With the help of Bob Carpenter at Alias-i, I now have cross-validation data for LingPipe using the MorphAdorner training set. Before I get to the numbers (which are good) in another post, a little background on the training data itself. (Incidentally, one of the real advantages of all this evaluative work has been to give me a much better sense of the data and tagsets I’m working with than I would have had otherwise.)
NUPOS, the tagset developed by Martin Mueller and used by MorphAdorner, is large: it’s up to 238 tags at the moment, compared to 60 or 80 in most other mainstream tagsets. This has a lot of potential benefits for literary work, especially if one wants to examine texts from earlier periods. (For the rationale behind NUPOS, see Martin’s post on the MONK wiki, to which I’ve linked in the past. Note that the list of tags there isn’t fully up to date as of mid-January 2009; if you have access to MONK development builds, there’s a better list at http://scribe.at.northwestern.edu:8090/monk/servlet?op=pos.) The short version: It might be nice to be able to deal with “thou shouldst” and to easily find cases of nouns used as adjectives, to name only two instances. But it has some costs, too, particularly in the system requirements for training a tagger. This is especially true because of the way NUPOS handles contractions and certain other compound, which it treats as single tokens with compound POS tags. I think I mentioned something about this earlier, but it wasn’t clear to me then exactly what was going on. So … a couple of examples:
I'll pns11|vmb i|will i'll ... there's pc-acp|vbz there|be there's ... You've pn22|vhb you|have you've
There are about 22,000 such cases (out of 3.8+ M total tokens) in the training data. As I said, NUPOS and MorphAdorner treat these as single tokens with two parts of speech, but most other taggers split them into two tokens. Martin has a nice argument for why the NUPOS/MorphAdorner method is the right one, but it makes things a bit tricky for me at the moment. First, it means there are 428 unique tags in the MorphAdorner training data (almost doubling the size of the already large NUPOS tagset), which makes for potentially enormous matrices in the training and cross-validation process of other taggers. I’ve already seen that it makes training the Stanford tagger on this data impossible on my machine, and it made it slightly harder for me to repeat Bob’s cross-validation runs with LingPipe than it might have been with a smaller tagset.

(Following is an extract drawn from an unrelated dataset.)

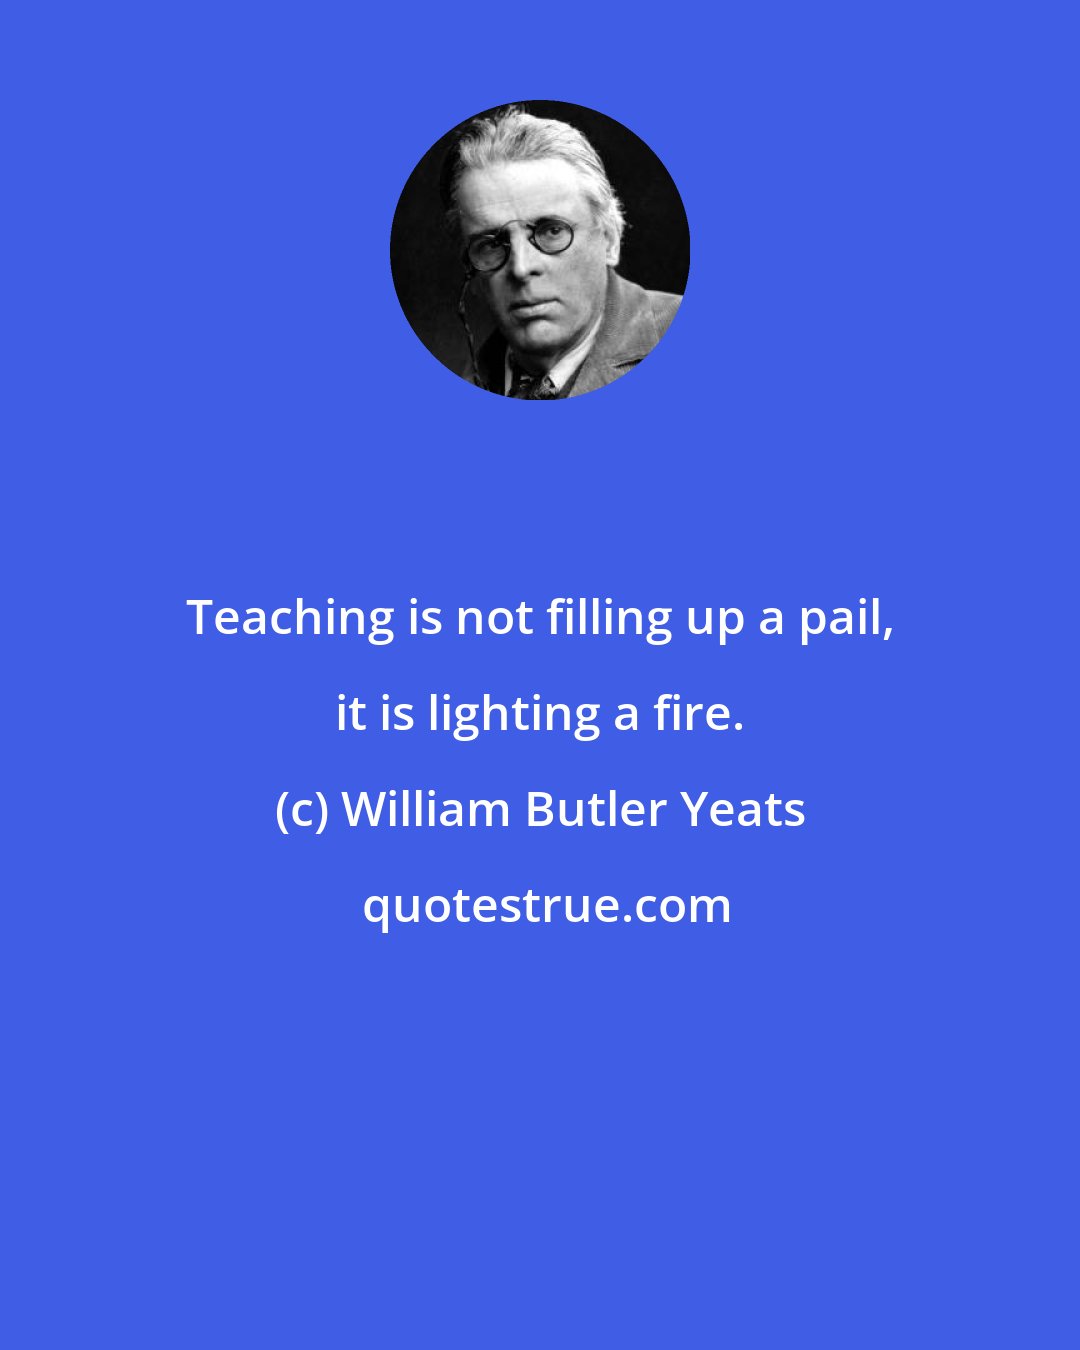 William Butler Yeats: Teaching is not filling up a pail, it is lighting a fire.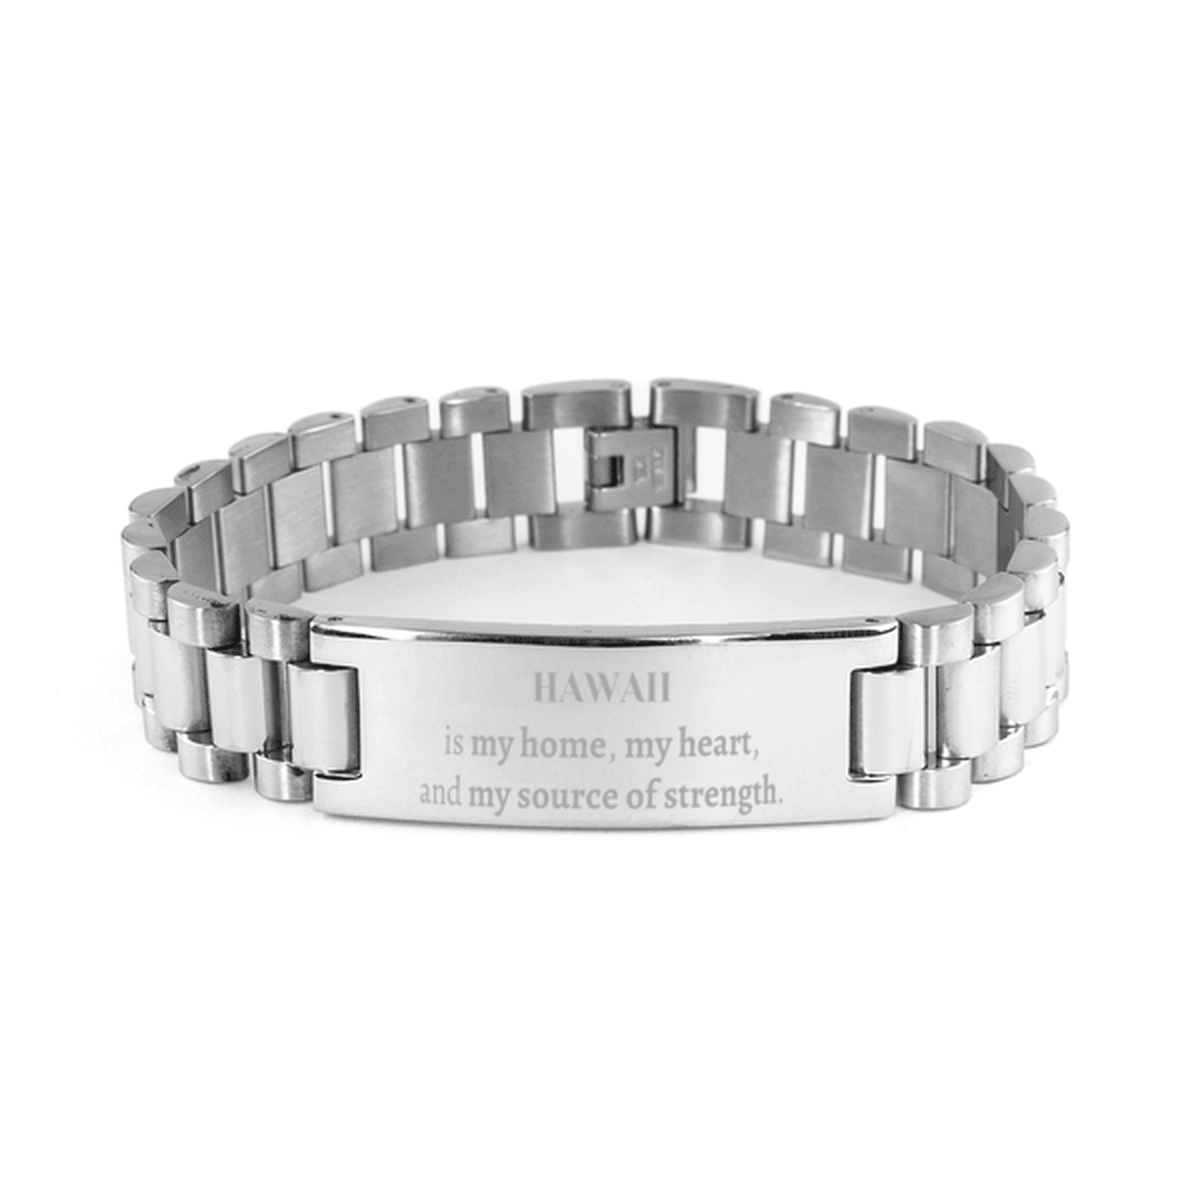 Hawaii is my home Gifts, Lovely Hawaii Birthday Christmas Ladder Stainless Steel Bracelet For People from Hawaii, Men, Women, Friends - Mallard Moon Gift Shop

Now, I don’t suspect that such things are really impossible (in fact I’m rerunning the LingPipe cross-validation process with some tweaked settings right now), but it does make things more resource intensive.
And then there are tokenization issues, which make direct comparison of tokens and parts of speech between taggers pretty tough. Every tagger wants to tokenize incoming data differently, and they don’t necessarily preserve MorphAdorner’s existing tokenization (heck, even MorphAdorner doesn’t respect MorphAdorner’s existing tokenization; see all the instances of ‘…’ turned into ‘..’ and ‘.’). I suppose it would be possible to write a pretty trivial tokenizer for each of the packages that says “hey, every token in the input data is on a separate line, just go with that.” But mucking about with tokenizers is beyond my current investment level.
Finally, as Bob pointed out elsewhere (I’ve forgotten now whether it was in an email or a blog comment), tokenization has an obvious impact on tagging accuracy; it’s hard to get parts of speech right (where “right” = “matches the training data”) if the tagger thinks the data consists of different tokens than does the trainer. In the end, the obvious effect is to skew accuracy results toward taggers/tokenizers more closely related to the ones used to help generate the training data in the first place. Martin tells me that the MorphAdorner training data is distantly descended from material tagged by CLAWS and so is, as far as I can tell, probably not closely related to the other taggers I’m evaluating. Takeaway point: It’s no surprise that using MorphAdorner’s training data will tend to produce accuracy evaluations that favor MorphAdorner.
What’s next? A couple of posts later today, one on LingPipe cross-validation results and another on raw accuracy using a sharply reduced tagset and treating the whole dataset as a big bag of tags (i.e., what is the overall frequency of adjectives, etc.). Good times. More soon.